• Data below
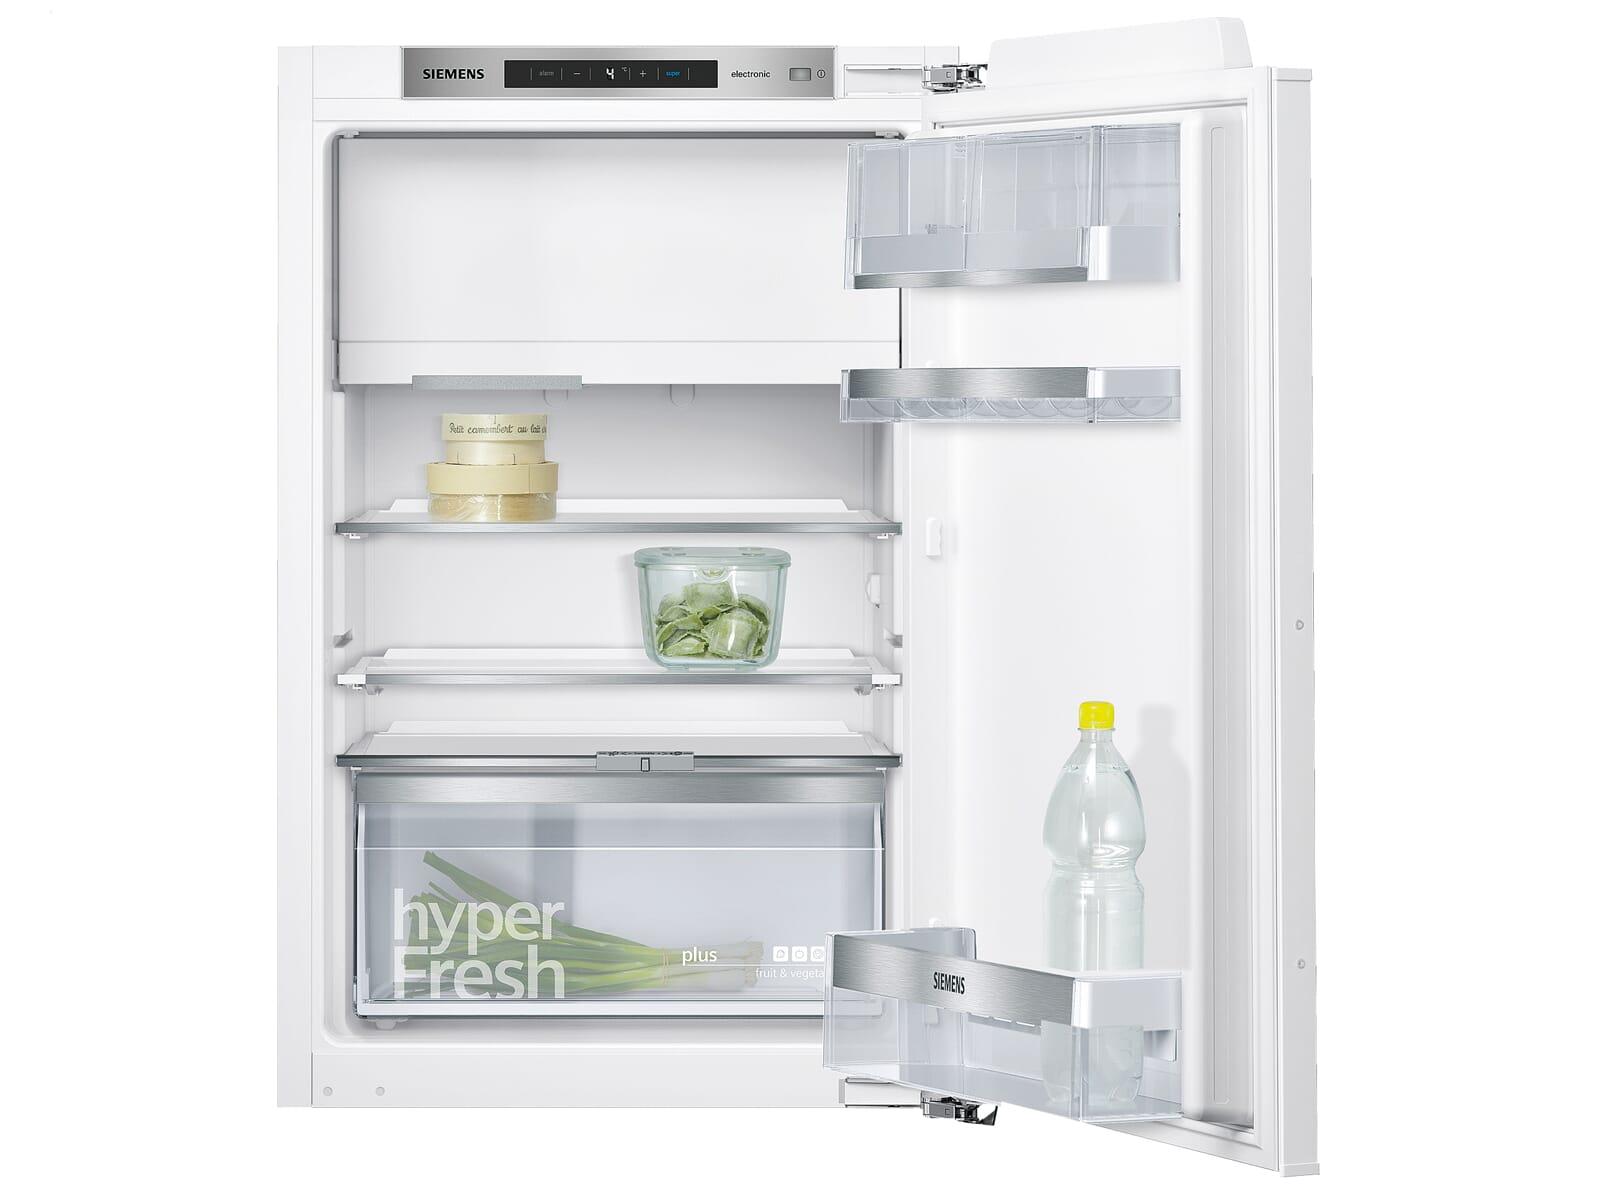 Kleiner Kühlschrank Siemens : Siemens ki22lad40 einbaukühlschrank ebay
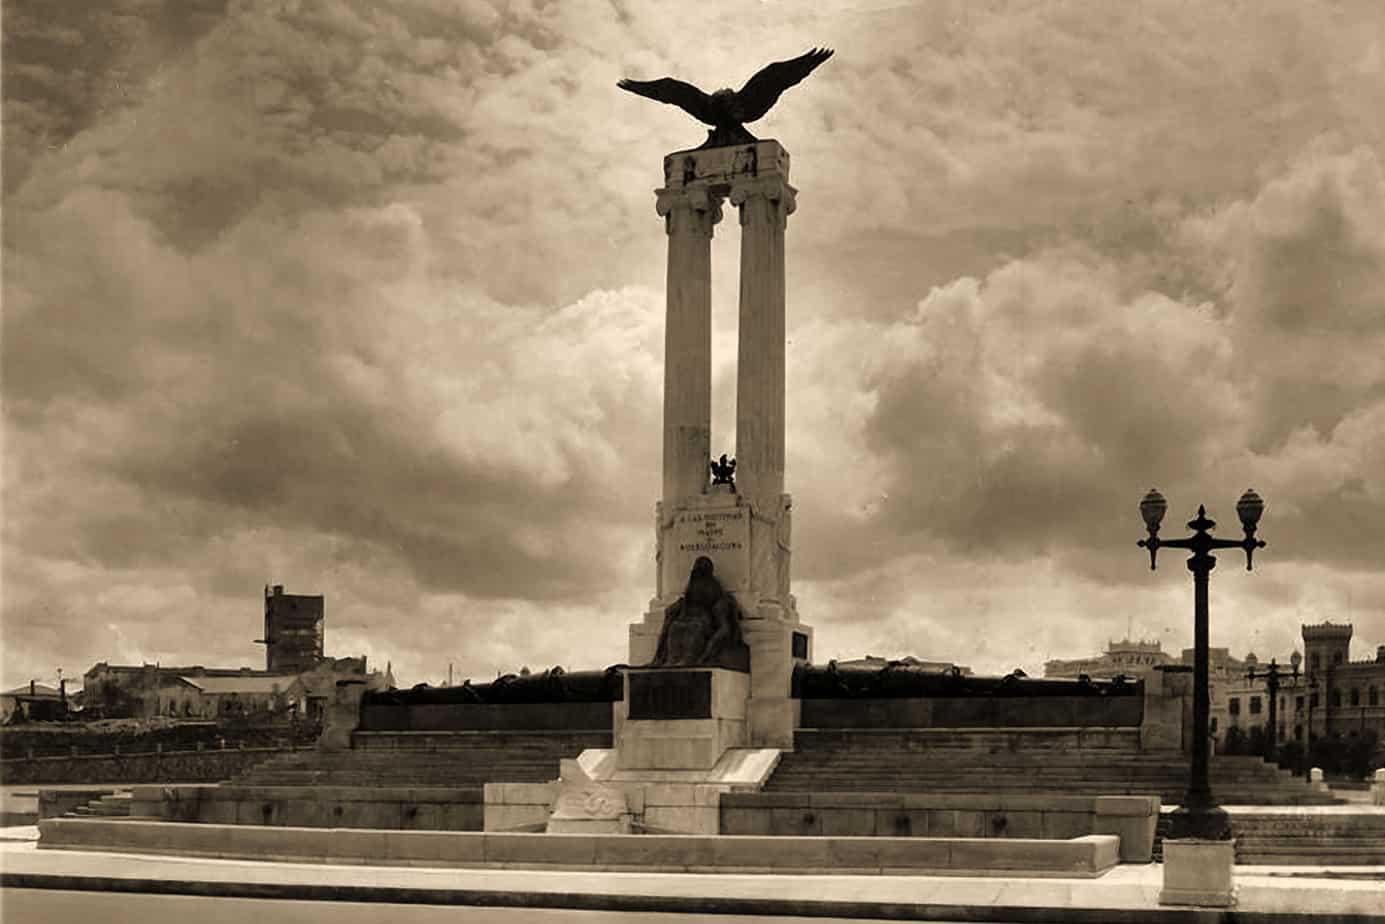 La agitada y curiosa historia del monumento a las víctimas del Maine en La Habana
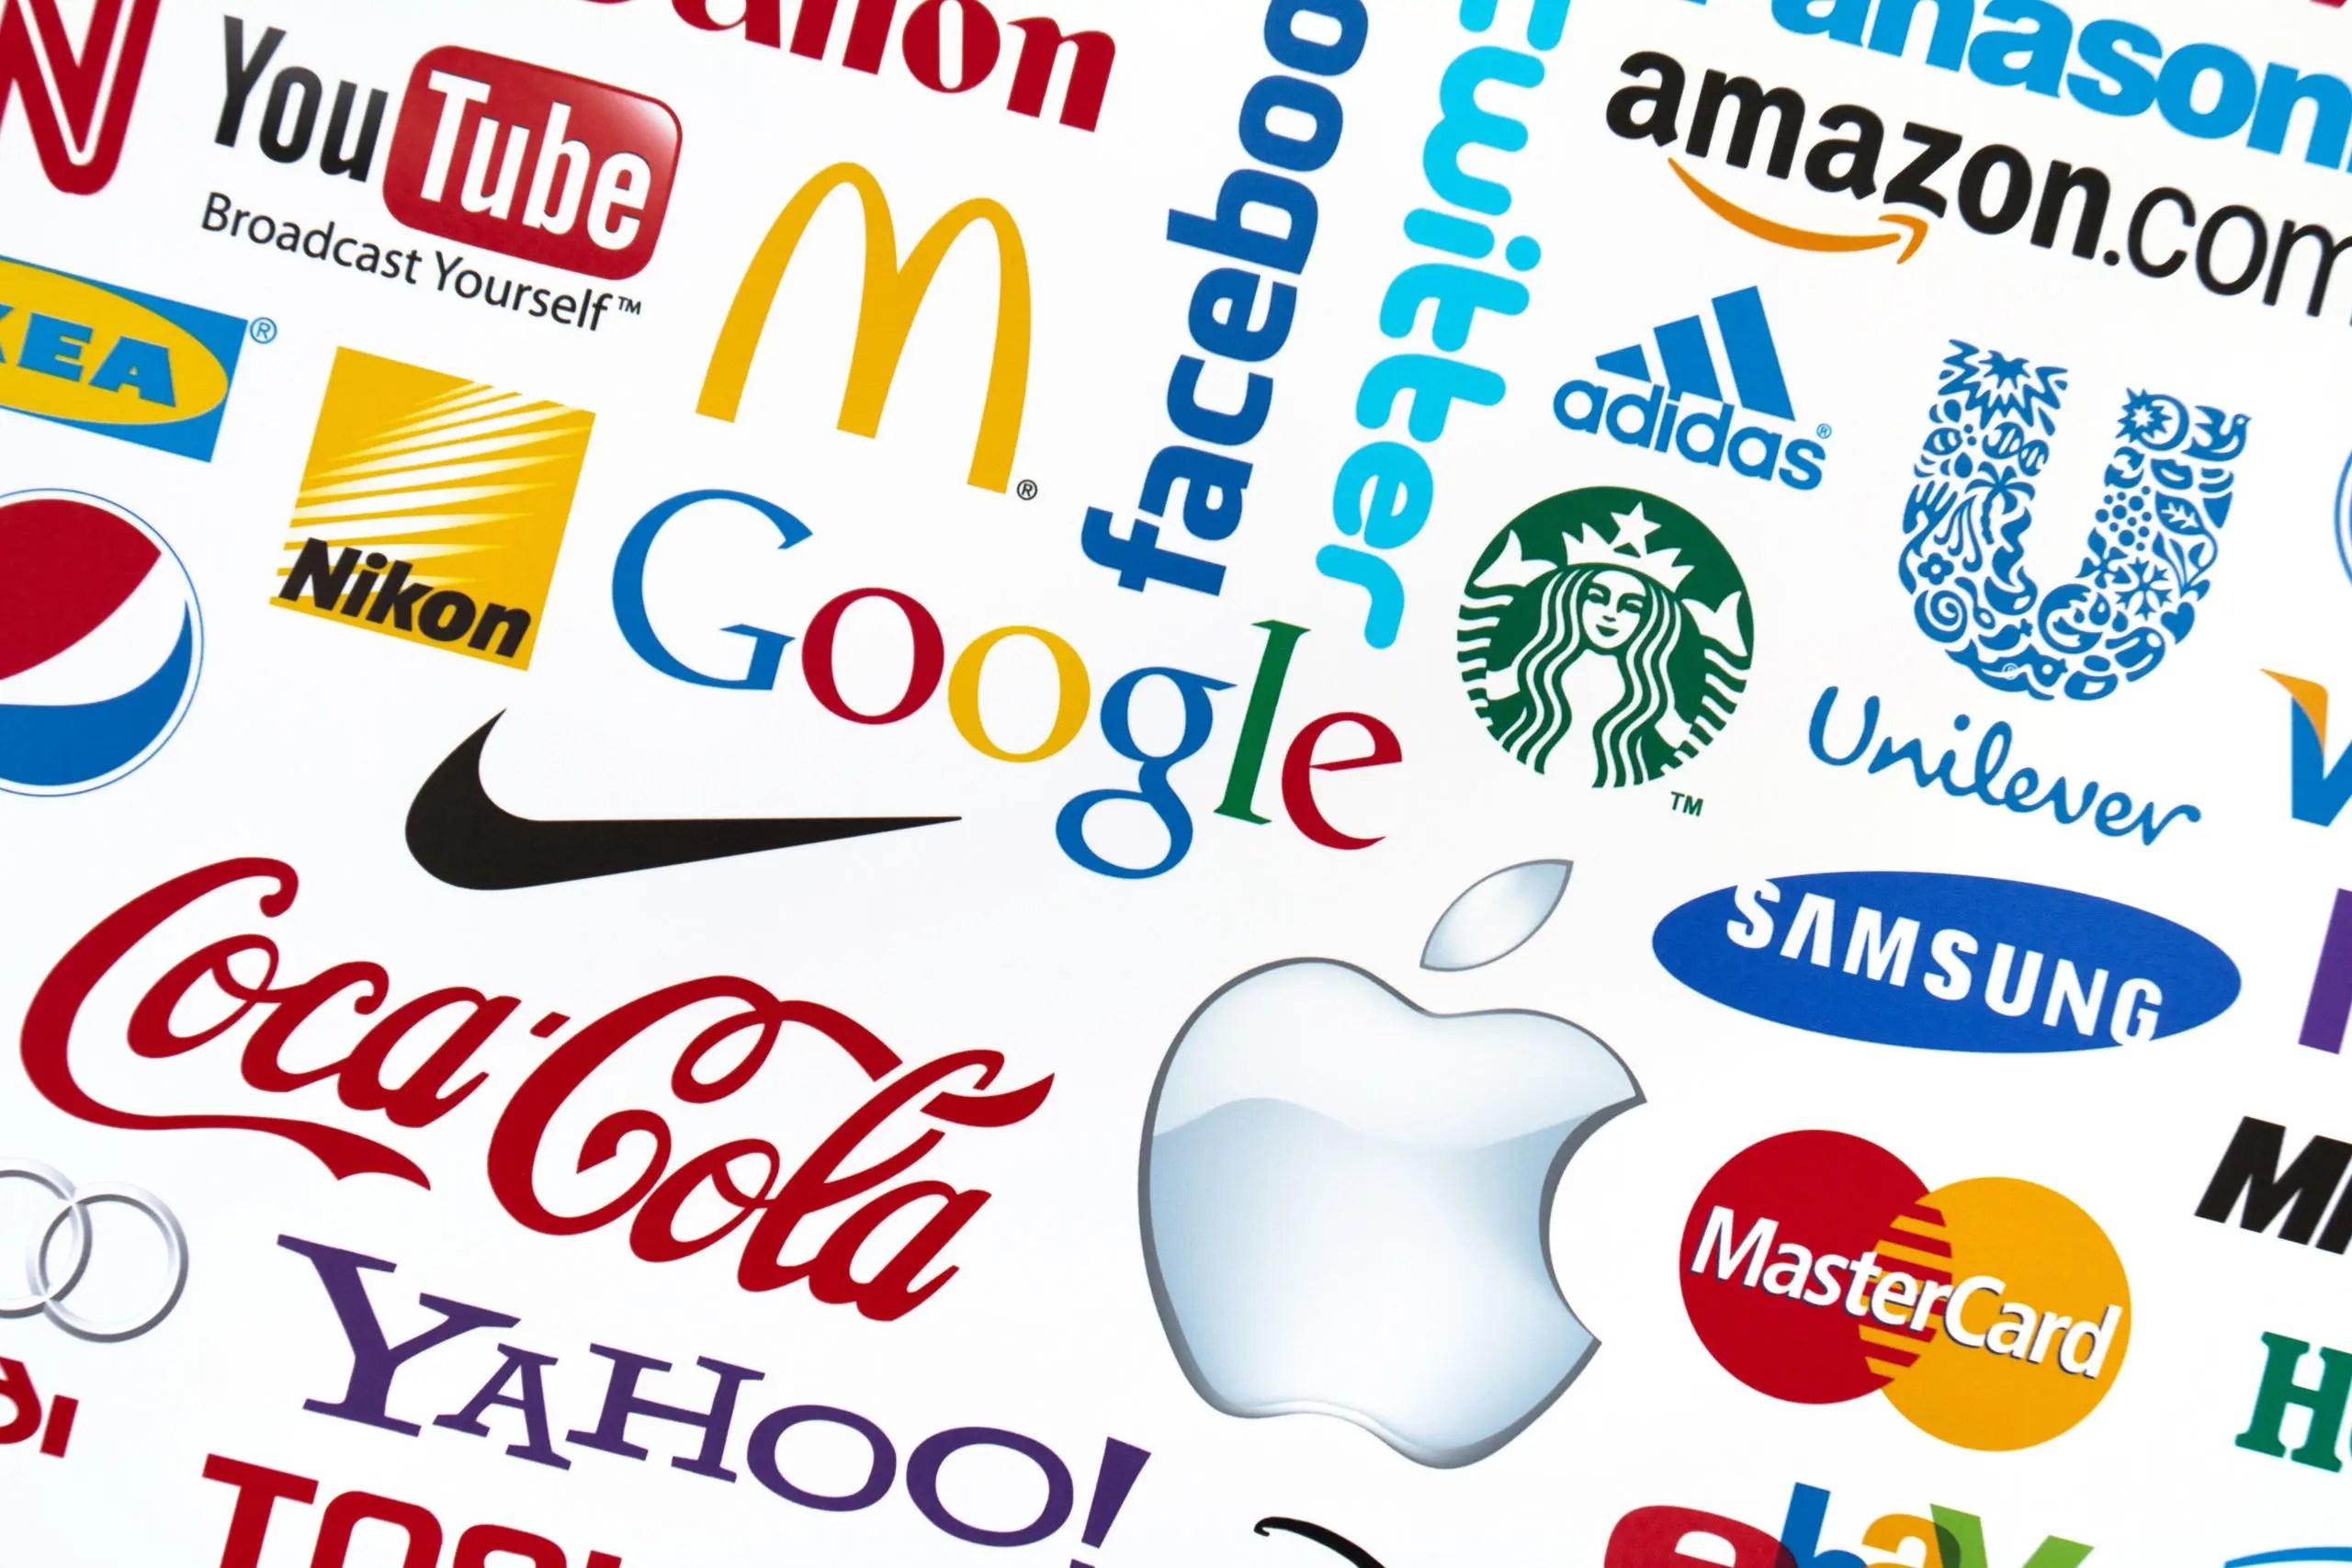 Les 7 choses indispensables dans un logo professionnel

• Instructions to follow
Please return the lines from the line with "La agitada y" through the last line of the data, both included, exactly, and without pictures.

• Finished task
 La agitada y curiosa historia del monumento a las víctimas del Maine en La Habana
 Les 7 choses indispensables dans un logo professionnel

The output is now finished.